Could you restate the whole listing word for word?

Information shown:

____

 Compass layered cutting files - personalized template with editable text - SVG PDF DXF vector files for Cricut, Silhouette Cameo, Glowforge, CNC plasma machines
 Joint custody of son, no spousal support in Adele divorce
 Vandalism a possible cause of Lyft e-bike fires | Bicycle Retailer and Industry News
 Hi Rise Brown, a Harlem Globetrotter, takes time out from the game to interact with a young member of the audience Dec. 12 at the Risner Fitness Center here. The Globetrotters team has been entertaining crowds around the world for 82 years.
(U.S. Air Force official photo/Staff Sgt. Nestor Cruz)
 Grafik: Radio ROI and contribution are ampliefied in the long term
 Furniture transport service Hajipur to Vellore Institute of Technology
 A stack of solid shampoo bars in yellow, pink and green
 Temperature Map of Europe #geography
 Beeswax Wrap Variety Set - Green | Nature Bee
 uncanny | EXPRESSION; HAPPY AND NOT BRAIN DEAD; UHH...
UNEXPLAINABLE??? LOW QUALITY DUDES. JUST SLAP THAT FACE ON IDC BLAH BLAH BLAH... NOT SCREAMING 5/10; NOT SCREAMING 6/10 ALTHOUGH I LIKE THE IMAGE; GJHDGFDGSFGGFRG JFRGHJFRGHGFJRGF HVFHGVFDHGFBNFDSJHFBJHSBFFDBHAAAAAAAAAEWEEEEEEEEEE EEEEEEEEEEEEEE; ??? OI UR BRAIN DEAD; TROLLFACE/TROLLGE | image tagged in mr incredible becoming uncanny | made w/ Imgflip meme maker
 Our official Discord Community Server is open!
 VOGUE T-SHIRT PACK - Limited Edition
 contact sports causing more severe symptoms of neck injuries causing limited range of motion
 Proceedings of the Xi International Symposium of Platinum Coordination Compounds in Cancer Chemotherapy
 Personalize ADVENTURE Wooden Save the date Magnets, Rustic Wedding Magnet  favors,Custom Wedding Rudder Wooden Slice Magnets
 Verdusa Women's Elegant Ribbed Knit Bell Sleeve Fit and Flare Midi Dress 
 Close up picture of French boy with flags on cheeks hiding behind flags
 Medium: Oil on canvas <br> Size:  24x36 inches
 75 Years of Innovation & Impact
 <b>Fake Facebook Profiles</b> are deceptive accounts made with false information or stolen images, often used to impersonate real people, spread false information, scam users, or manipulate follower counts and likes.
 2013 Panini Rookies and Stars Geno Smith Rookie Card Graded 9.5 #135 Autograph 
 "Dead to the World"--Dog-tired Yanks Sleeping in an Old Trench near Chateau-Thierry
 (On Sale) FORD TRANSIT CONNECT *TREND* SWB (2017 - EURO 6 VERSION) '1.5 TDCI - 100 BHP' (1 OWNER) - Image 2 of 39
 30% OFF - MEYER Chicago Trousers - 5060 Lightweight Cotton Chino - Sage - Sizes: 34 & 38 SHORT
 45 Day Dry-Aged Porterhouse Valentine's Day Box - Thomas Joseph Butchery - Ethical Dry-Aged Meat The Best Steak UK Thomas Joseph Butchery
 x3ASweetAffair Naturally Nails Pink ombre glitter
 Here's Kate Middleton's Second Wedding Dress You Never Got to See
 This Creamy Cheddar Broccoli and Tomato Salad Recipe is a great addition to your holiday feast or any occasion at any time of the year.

____

Answer to the problem:
 Compass layered cutting files - personalized template with editable text - SVG PDF DXF vector files for Cricut, Silhouette Cameo, Glowforge, CNC plasma machines
 Joint custody of son, no spousal support in Adele divorce
 Vandalism a possible cause of Lyft e-bike fires | Bicycle Retailer and Industry News
 Hi Rise Brown, a Harlem Globetrotter, takes time out from the game to interact with a young member of the audience Dec. 12 at the Risner Fitness Center here. The Globetrotters team has been entertaining crowds around the world for 82 years.
(U.S. Air Force official photo/Staff Sgt. Nestor Cruz)
 Grafik: Radio ROI and contribution are ampliefied in the long term
 Furniture transport service Hajipur to Vellore Institute of Technology
 A stack of solid shampoo bars in yellow, pink and green
 Temperature Map of Europe #geography
 Beeswax Wrap Variety Set - Green | Nature Bee
 uncanny | EXPRESSION; HAPPY AND NOT BRAIN DEAD; UHH...
UNEXPLAINABLE??? LOW QUALITY DUDES. JUST SLAP THAT FACE ON IDC BLAH BLAH BLAH... NOT SCREAMING 5/10; NOT SCREAMING 6/10 ALTHOUGH I LIKE THE IMAGE; GJHDGFDGSFGGFRG JFRGHJFRGHGFJRGF HVFHGVFDHGFBNFDSJHFBJHSBFFDBHAAAAAAAAAEWEEEEEEEEEE EEEEEEEEEEEEEE; ??? OI UR BRAIN DEAD; TROLLFACE/TROLLGE | image tagged in mr incredible becoming uncanny | made w/ Imgflip meme maker
 Our official Discord Community Server is open!
 VOGUE T-SHIRT PACK - Limited Edition
 contact sports causing more severe symptoms of neck injuries causing limited range of motion
 Proceedings of the Xi International Symposium of Platinum Coordination Compounds in Cancer Chemotherapy
 Personalize ADVENTURE Wooden Save the date Magnets, Rustic Wedding Magnet  favors,Custom Wedding Rudder Wooden Slice Magnets
 Verdusa Women's Elegant Ribbed Knit Bell Sleeve Fit and Flare Midi Dress 
 Close up picture of French boy with flags on cheeks hiding behind flags
 Medium: Oil on canvas <br> Size:  24x36 inches
 75 Years of Innovation & Impact
 <b>Fake Facebook Profiles</b> are deceptive accounts made with false information or stolen images, often used to impersonate real people, spread false information, scam users, or manipulate follower counts and likes.
 2013 Panini Rookies and Stars Geno Smith Rookie Card Graded 9.5 #135 Autograph 
 "Dead to the World"--Dog-tired Yanks Sleeping in an Old Trench near Chateau-Thierry
 (On Sale) FORD TRANSIT CONNECT *TREND* SWB (2017 - EURO 6 VERSION) '1.5 TDCI - 100 BHP' (1 OWNER) - Image 2 of 39
 30% OFF - MEYER Chicago Trousers - 5060 Lightweight Cotton Chino - Sage - Sizes: 34 & 38 SHORT
 45 Day Dry-Aged Porterhouse Valentine's Day Box - Thomas Joseph Butchery - Ethical Dry-Aged Meat The Best Steak UK Thomas Joseph Butchery
 x3ASweetAffair Naturally Nails Pink ombre glitter
 Here's Kate Middleton's Second Wedding Dress You Never Got to See
 This Creamy Cheddar Broccoli and Tomato Salad Recipe is a great addition to your holiday feast or any occasion at any time of the year.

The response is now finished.